ENTOVERSE

“I hope you’re right,” ZORAC replied, in a masterfully contrived you’re-supposed-to-understand-these-people tone of voice. “Here’s Gina.”

“Vic? ZORAC’s told me the score. It’s no use heading this way. They’re everywhere. Right now I’m in an empty suite that ZORAC found.”

Hunt thought quickly. There would be no point in trying to get to any of the Thurien couplers into VISAR, since those would have been the first places to be secured. And the next thing the Jevlenese

would do after getting the complex’s backup systems running would be to cut ZORAC’s connection into PAC. He should get to Gina first, while ZORAC was still available to help.

“ZORAC, can you get us together somewhere?” he said.

“You can’t get back out through Garuth’s office. Head through the compartment at the rear. There should be a way down. It looks as if you were right about Langerif, by the way.”

Behind a partition at the back of the equipment room, some runs of cabling and ducting went down a well to the level below, where a maintenance hatch gave access to an engineers’ inspection gallery. From there, Hunt came out through a machinery compartment into a tool room, and thence into a stairway that seemed clear for the moment. One level down, he entered a passage that led to an eleva­tor, which ZORAC already had waiting to take him down to a level where several large dining rooms were situated. A lot of Jevlenese office workers were miffing around, while frantic police officers tried to tell the managers what was happening. In the general confusion, Hunt managed to slip through into the warren of kitchens and passages at the rear, where ZORAC had also directed Gina. Hunt found her in a space behind a water-heating system and a pumping compartment. She seemed shaken but in good shape.

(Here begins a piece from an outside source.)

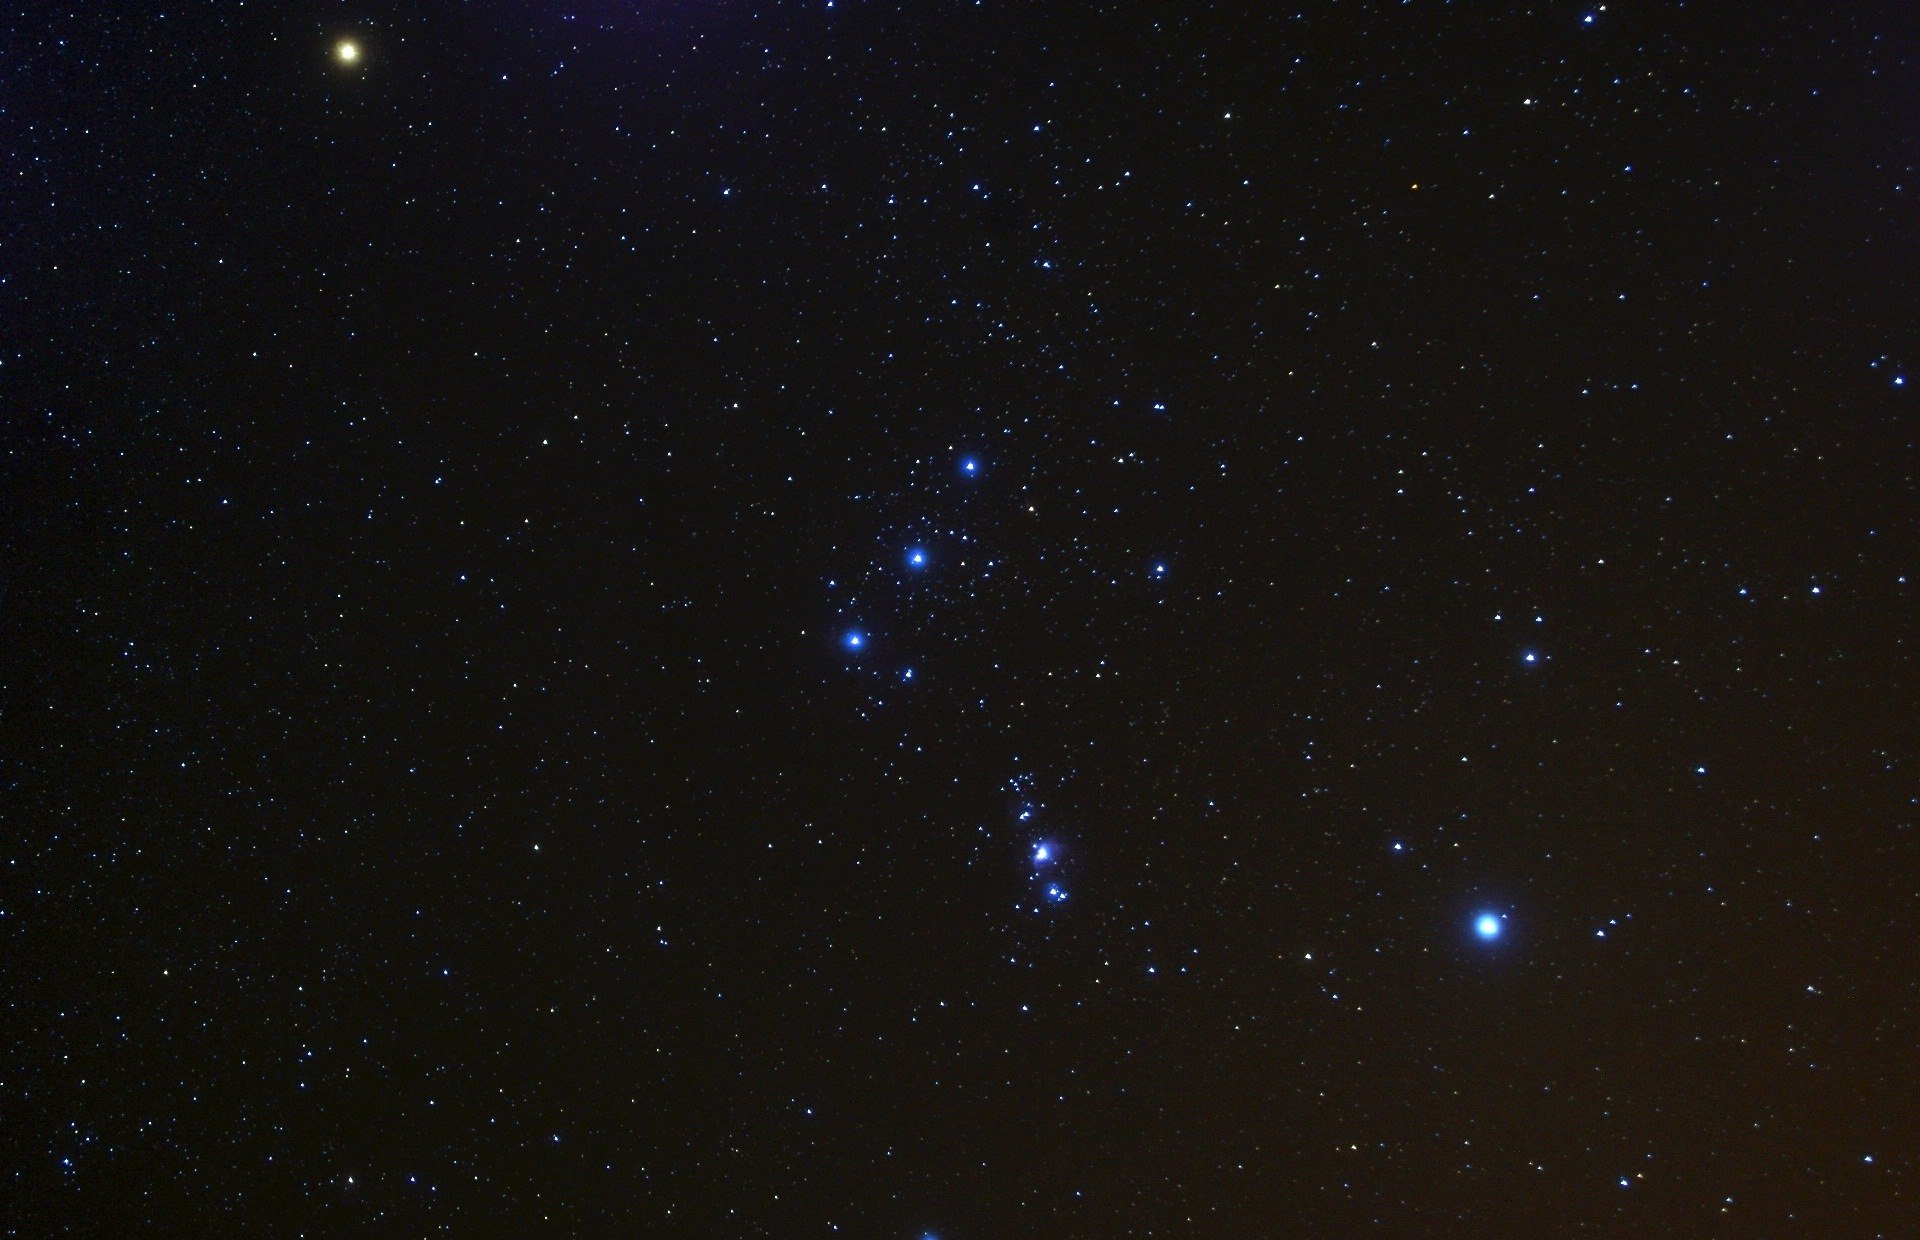 Три звезды Альнитак (ζ Ориона), Альнилам (ε Ориона), Минтака (δ Ориона) в центре снимка - Пояс Ориона

“What do we do now?” she asked.

“ZORAC, what are the options? Can we get out?”

“That’s probably the best bet. Look, there are Jevienese engineers in the control section right now, switching in the backup communi­cations and monitoring systems. I could be cut off at any moment. I’ll give you directions, now, to a way out through the basement that I’ll unlock. It leads into the city’s freight-moving system. First, you need to go down through the back stairs from the passage outside where you are, to a garbage-compacting plant . .

They lost ZORAC shortly after, but found their way down through the route that it had described. The exit was unlocked, and they entered a system of tunnels and shafts, much of it collapsing from disrepair, which brought them into the automated sublevels of Shi­ban. When they had gone what they judged to be a safe distance from PAC, they began ascending via catwalks and stairways to reemerge into habitation. A short distance farther on, Hunt recognized the street outside the hotel that Nixie had taken him to. “Okay, I think I know where we are,” he told Gina.

“That’s great. But where do we want to be?”

The Shapieron was the obvious place—assuming ZORAC or who­ever was in charge aboard the ship didn’t decide to take it up from the surface for some reason. But with the police possibly on the alert for them, Hunt put their chances of getting to Geerbaine as slim. And even if they did, access to the pad where the Shapieron stood would surely be impossible.

“Well, there’s only one American I know in town,” Hunt said.

“What we do when we get there, I’m not sure. But keep your voice down on the streets. There’s probably an order out to watch for Terrans.”

CHAPTER FORTY-SEVEN

There were plenty of police about, but from the way they were positioned they seemed to be a reserve force drawn up around PAC rather than a cordon sealing it off. At any rate, they hadn’t cleared the surrounding precincts, and Hunt and Gina were able to blend in easily enough. Green crescents were everywhere, and the ayatollahs were out in force delivering perorations to excited crowds. Although none of what was being said was comprehensible to the two Terrans, the fever of excitement in the air was impossible to mistake. It was as if the city was alive with anticipation of some imminent event.